[Task item] Exactly as written, return every line of the data below apart from the pictures.

[Data below]
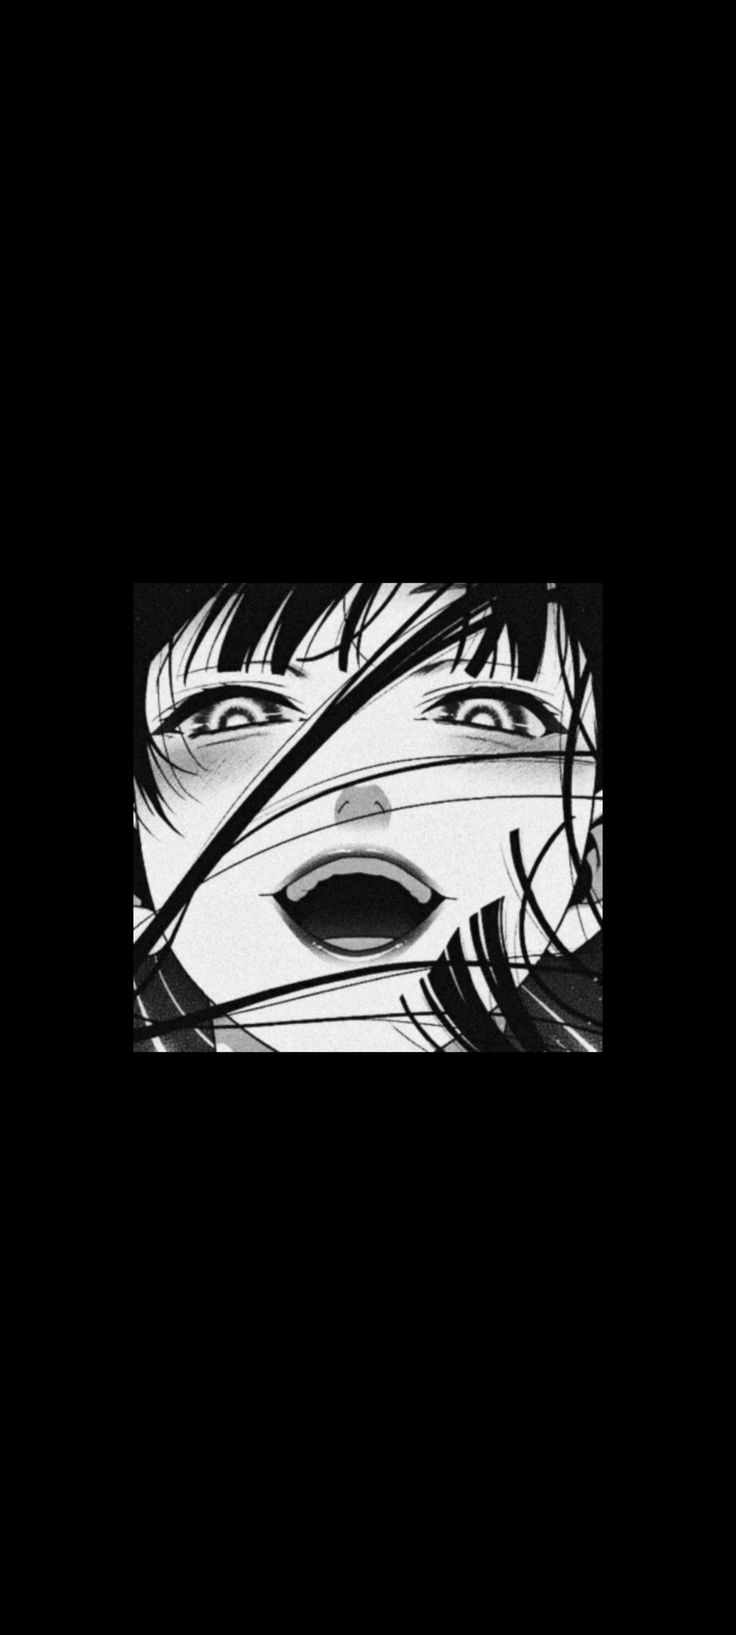 kakegurui wallpaper black white aeshetic Tumblr. Black wallpaper iphone dark, Anime, Anime wallpaper iphone
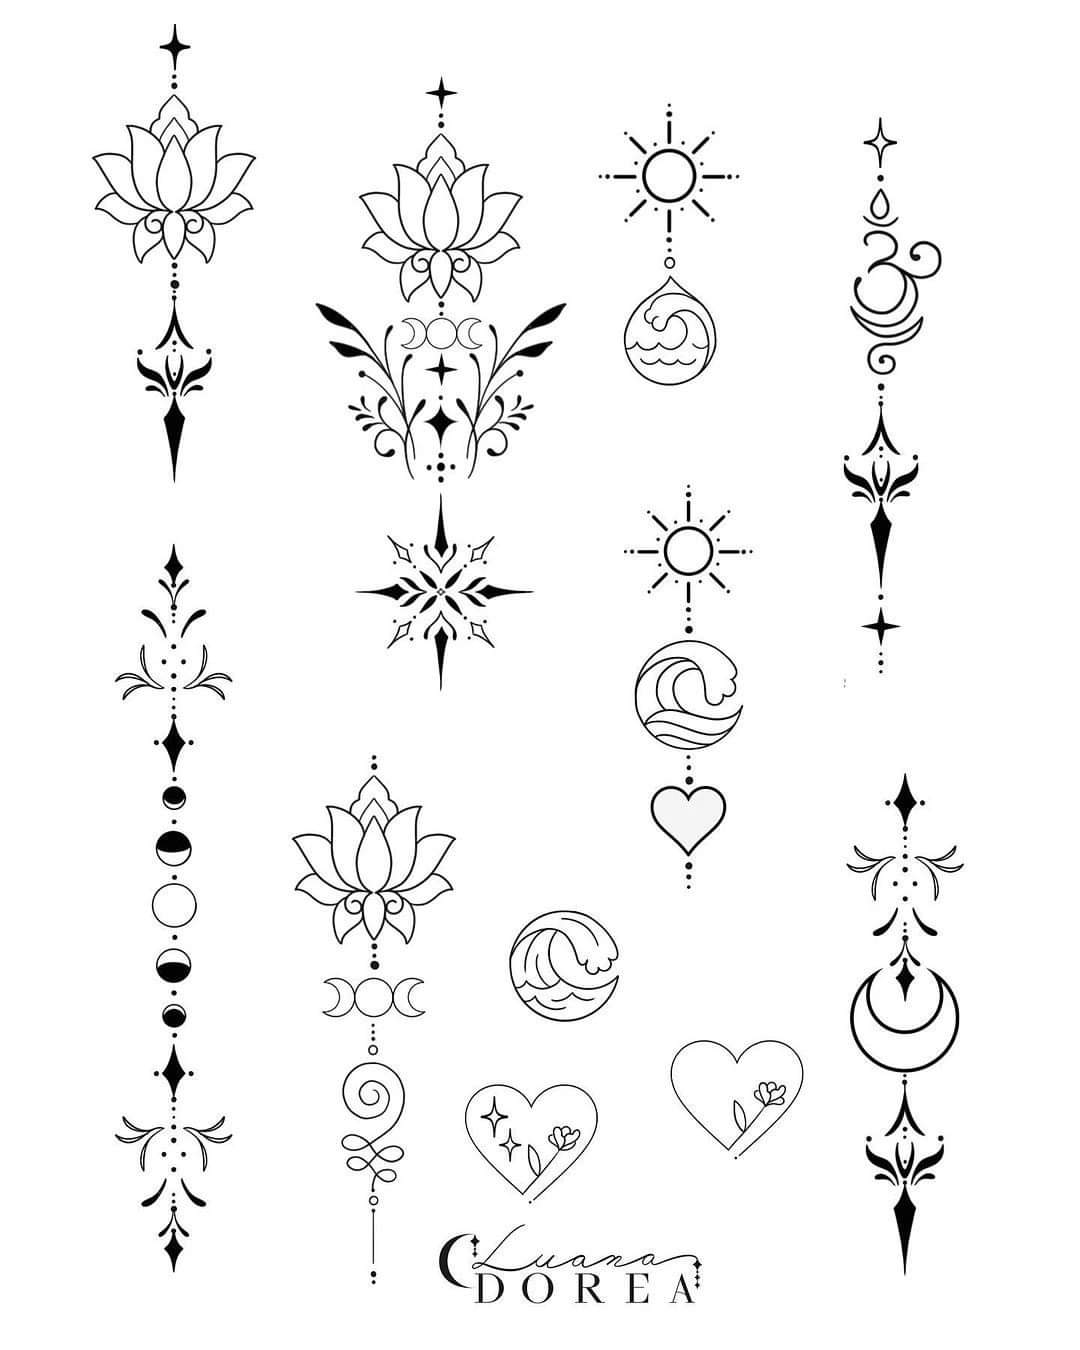 109 Tatuaggi sulla colonna vertebrale diversi schizzi longitudinali con fasi lunari fiori di loto cuori unalome
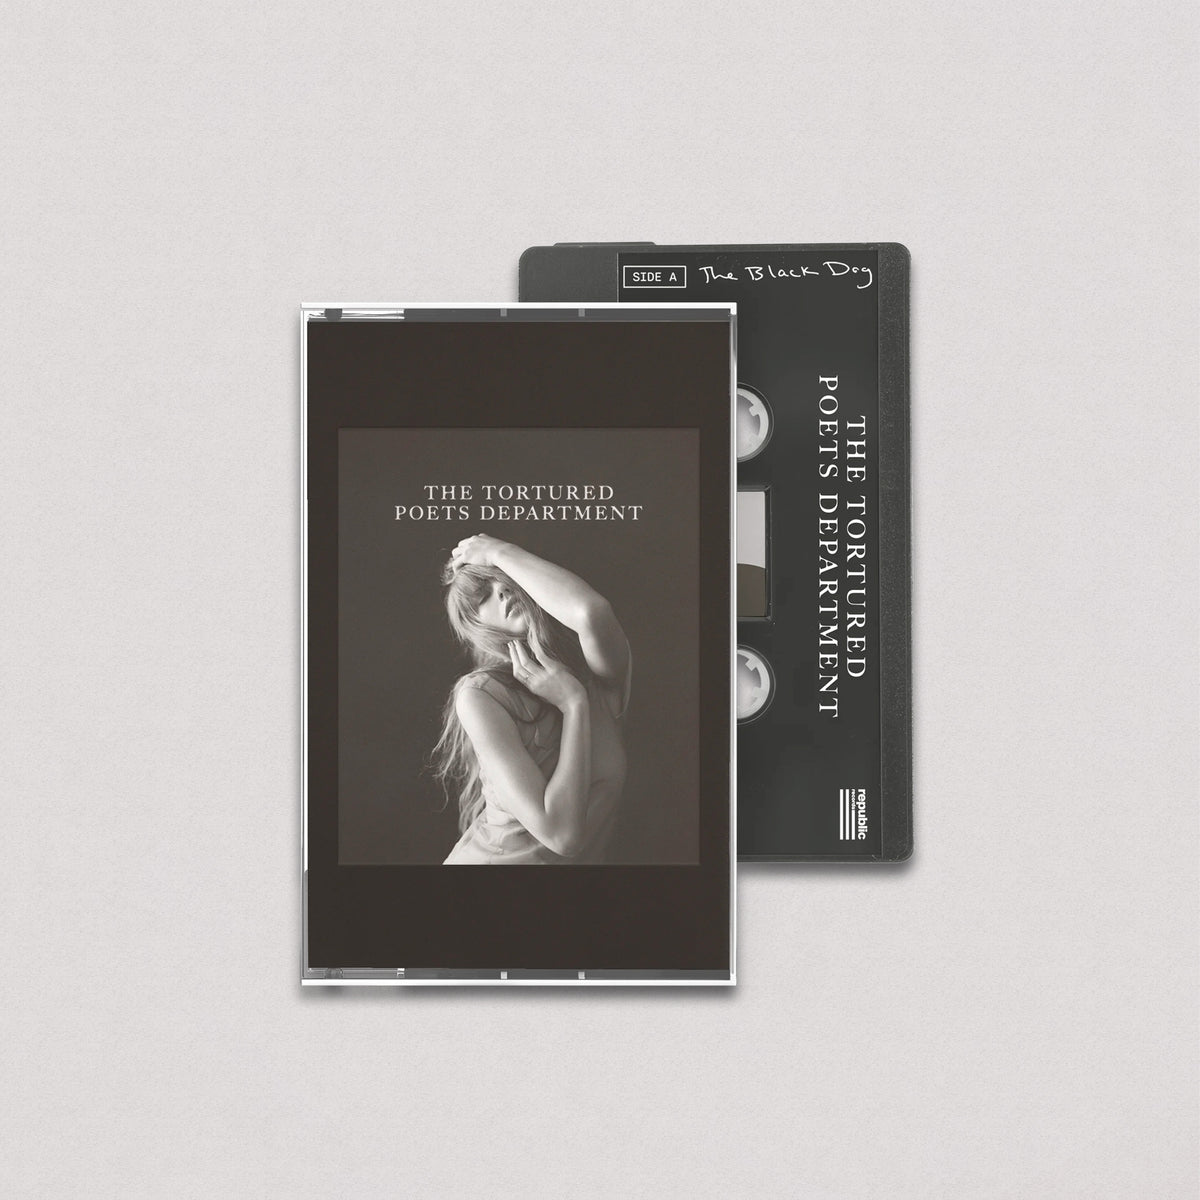 Taylor Swift - The Tortured Poets Department + Bonus Track "The Black Dog" (Cassette)

[Answer box]
 kakegurui wallpaper black white aeshetic Tumblr. Black wallpaper iphone dark, Anime, Anime wallpaper iphone
 109 Tatuaggi sulla colonna vertebrale diversi schizzi longitudinali con fasi lunari fiori di loto cuori unalome
 Taylor Swift - The Tortured Poets Department + Bonus Track "The Black Dog" (Cassette)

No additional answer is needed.